消息传得比杜群预想的快。地址发布邮箱 LīxSBǎ@GMAIL.cOM
第二天一大早,他去副食店开门,隔壁老刘正蹲在门口刷牙,看见他来了,满嘴白沫子地站起来,眼珠子在他脸上转了好几圈,那眼神跟平时不一样——平时是热络的、随意的,今天却多了一层东西,像是看一个刚刚出了车祸的人,又好奇又不好意问,只能拿眼睛偷偷地瞟。
“杜群,你……没事吧?”老刘把牙刷从嘴里拔出来,泡沫顺着嘴角往下淌,他也顾不上擦。
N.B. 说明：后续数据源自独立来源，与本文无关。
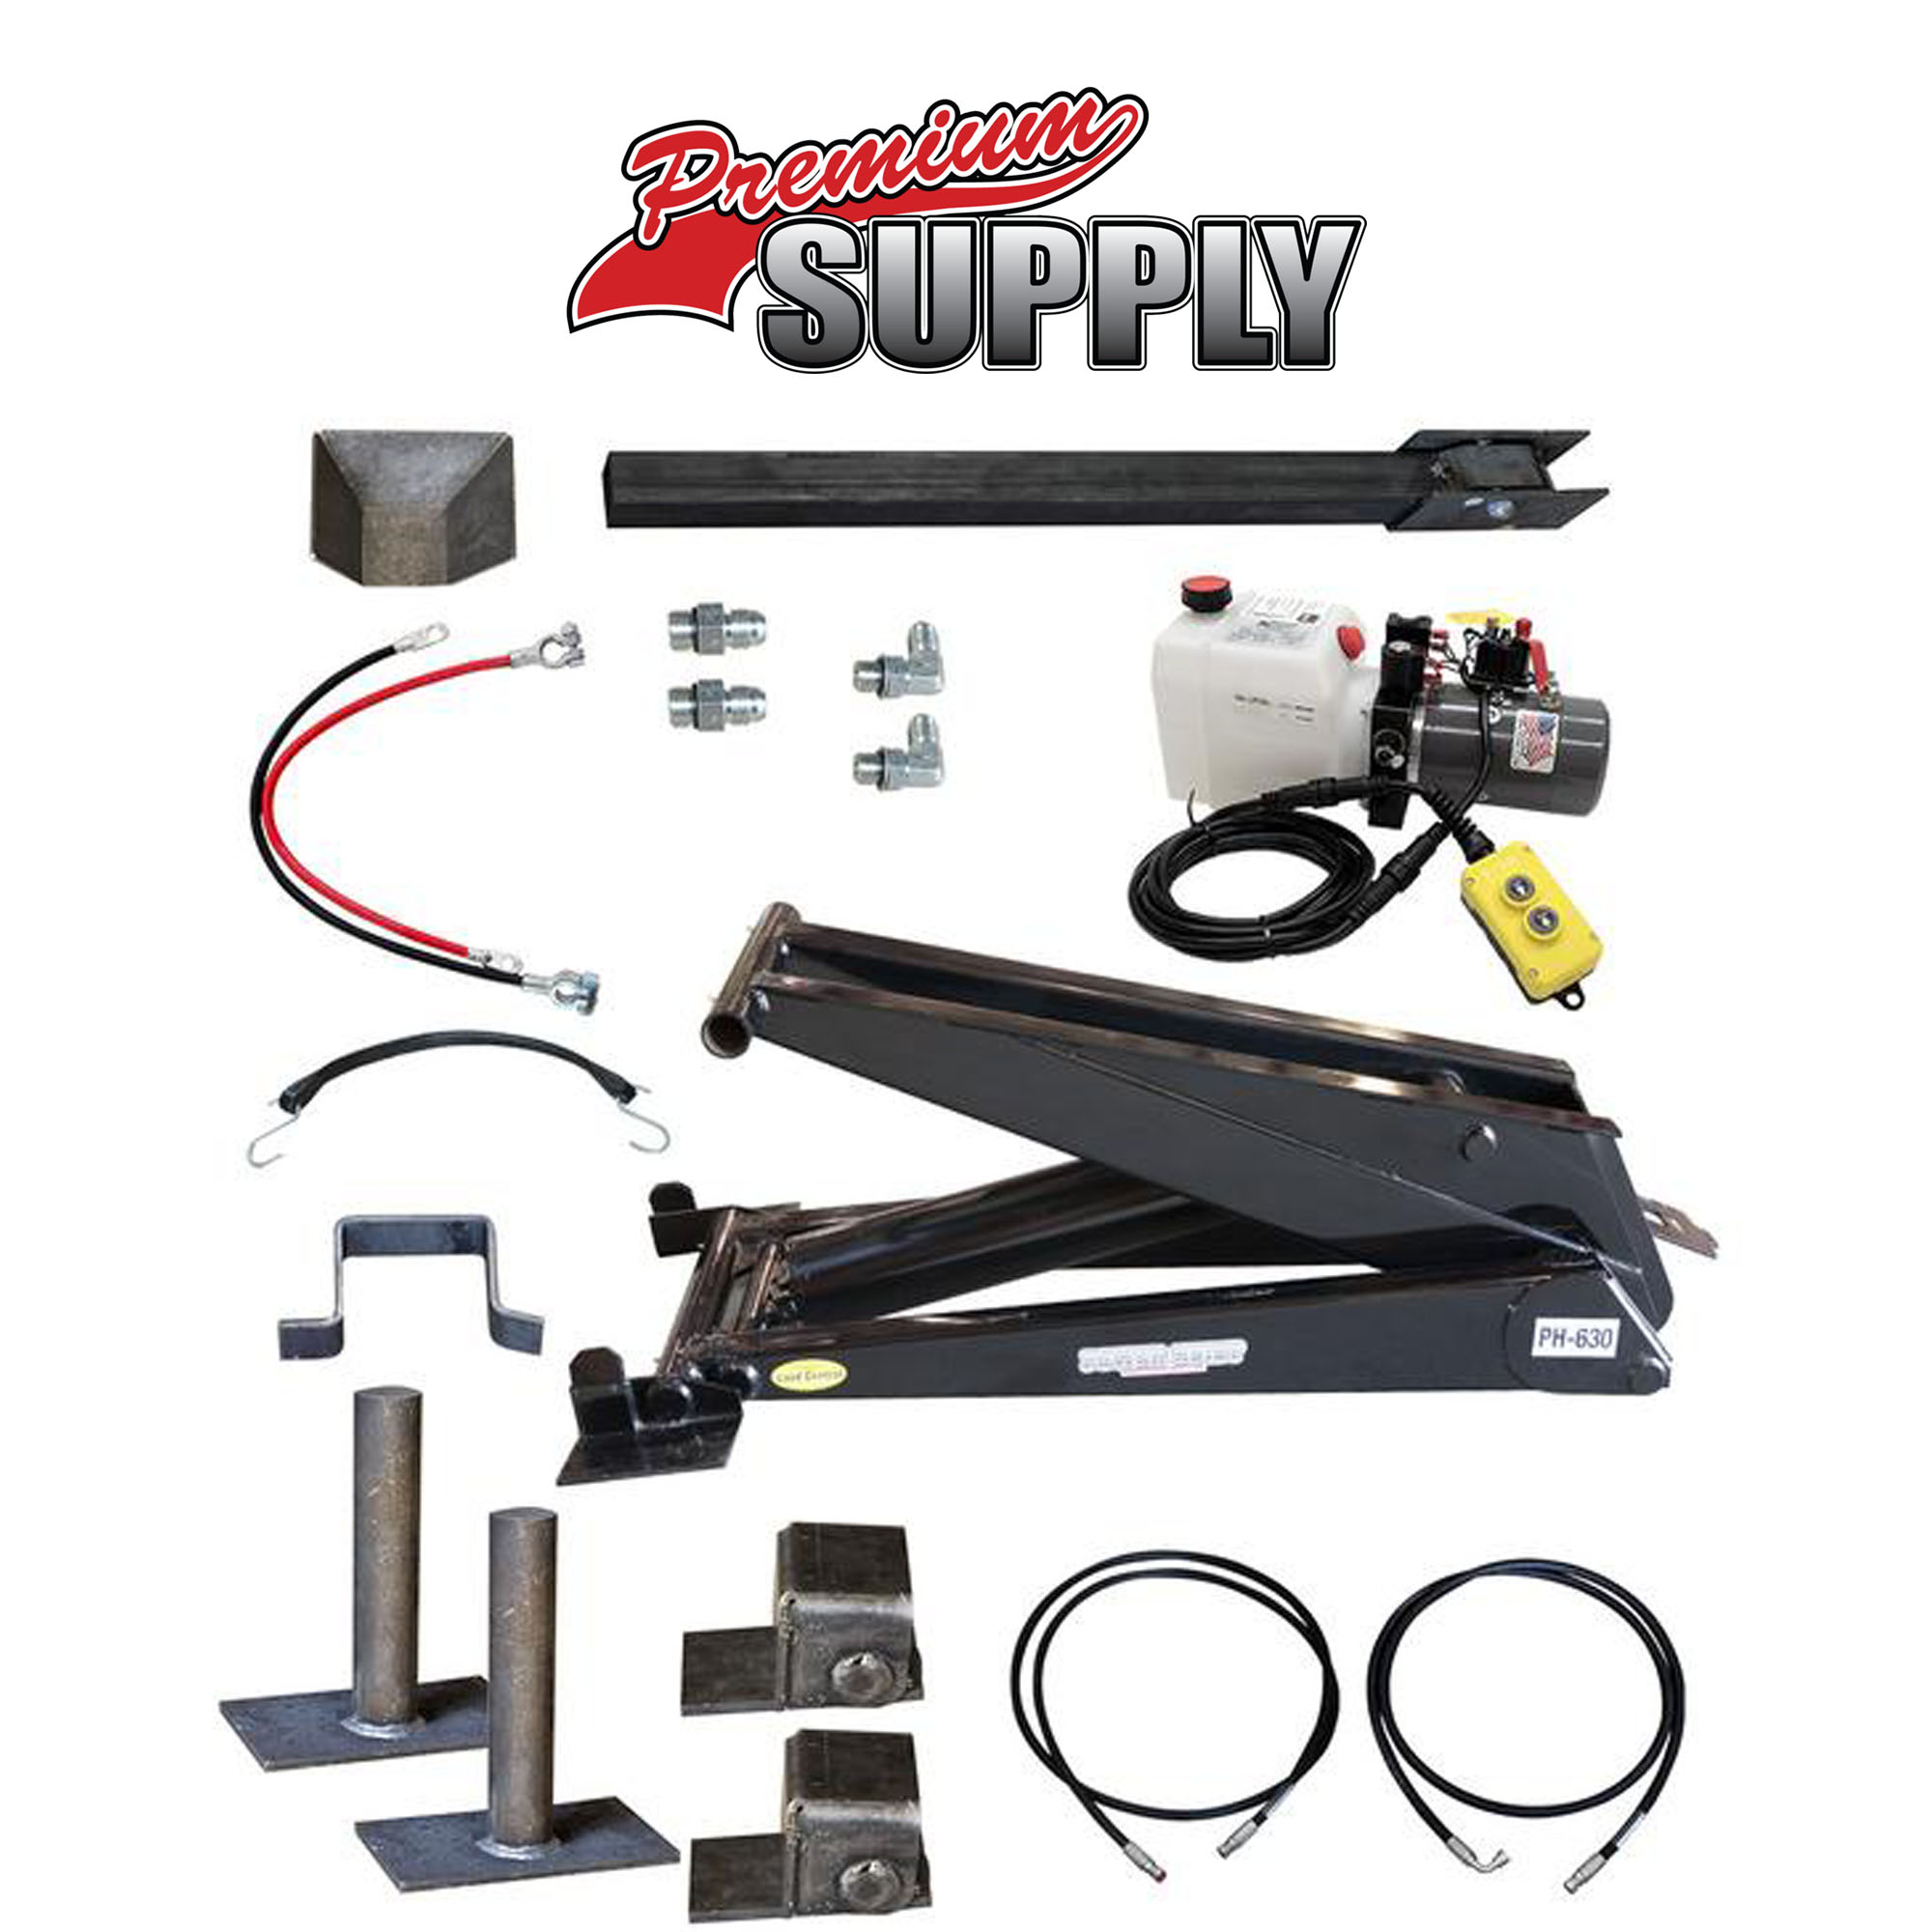 12 Ton (24,000 lb) Dump Trailer Hydraulic Scissor Hoist Kit - PH630 - Premium Supply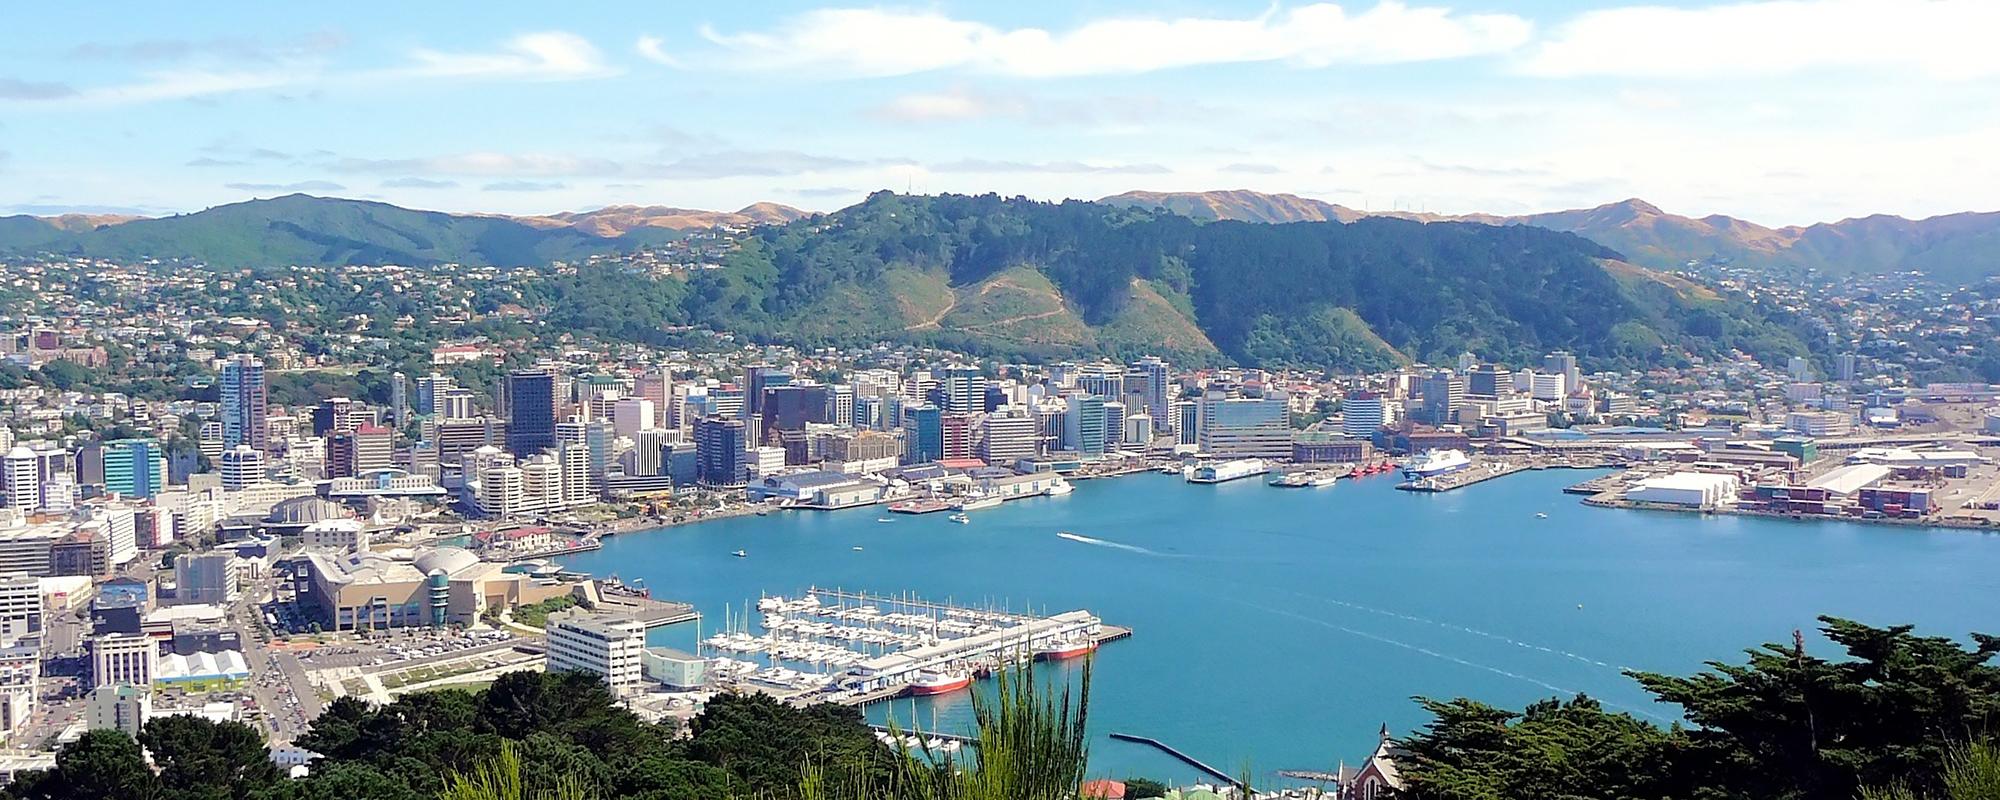 Central Wellington, New Zealand

“能有啥事。”杜群低着头掏钥匙,钥匙插进锁孔里拧了两下没拧开,手在微微发抖。
“嗨,我跟你说,别往心里去。”老刘拍了拍他的肩膀,牙膏沫子溅了两点在杜群袖子上,“女人嘛,这个不行换一个,没什么大不了的。”
杜群没接话。老刘这话听着是在安慰,可杜群听出来了——他已经知道了。昨天茶馆里那场闹剧,不过一夜工夫,已经传到了这条街上每一个人的耳朵里。
他推开门,把香烟柜搬到门口,把冰柜插上电,把那些散装的糖果饼干一溜儿摆开。跟往常一样,跟每一天一样。可当他把“营业中”的牌子挂出去的时候,他忽然觉得这个牌子特别沉,像一块铁。
八点多钟,第一个顾客上门了。
是前村的赵大爷。赵大爷每天早晨都要来买一包天下秀,风雨无阻,雷打不动。可今天他走进来的时候,脚步比平时慢了半拍,浑浊的老眼在杜群脸上停了好几秒,然后才说:“来包天下秀。”
杜群把烟递过去,找零。赵大爷接过钱,没急着走,站在柜台前拆烟,拆了好几下才拆开。他点上烟,吸了一口,烟雾从鼻孔里喷出来,在早晨的阳光里慢慢散开。
“杜群啊,”他开口了,声音比平时低了几分,“昨天的事,我听说了。”
杜群的手在柜台下面攥紧了。
“你别怪大爷多嘴。”赵大爷弹了弹烟灰,眼睛看着门外街上来来往往的人,“这世上啥人都有。宋家那老娘们儿,我早就看出来了,不是个省油的灯。你跟她闺女黄了,未必是坏事。”
杜群嘴角动了动,想笑一下,没笑出来。
“不过话说回来,”赵大爷话锋一转,压低了声音,“我听人说,你给宋家赔了两万块钱?你老实跟大爷说,是不是你跟那丫头……有啥事让人家抓住把柄了?”
杜群猛地抬起头:“赵大爷,你说啥呢!”
“没没没,我就是问问。发布页LtXsfB点¢○㎡”赵大爷赶紧摆手,“不是就好,不是就好。不过外面人传得可难听了,你心里有个数。”
赵大爷走了。他留下的那句话却像一颗钉子,扎在杜群心里,越扎越深。
十点多钟,店里来了几个买酱油的妇女。杜群认识她们——一个是后村的张婶,一个是街尾李家的媳妇,还有一个是王婆婆的侄女。三个人一进门就叽叽喳喳的,看见杜群,声音戛然而止,然后交换了一个彼此心知肚明的眼神。
“杜老板,来壶酱油。”张婶说,眼睛却不在酱油上,而是在杜群脸上扫来扫去,像是在找什么痕迹。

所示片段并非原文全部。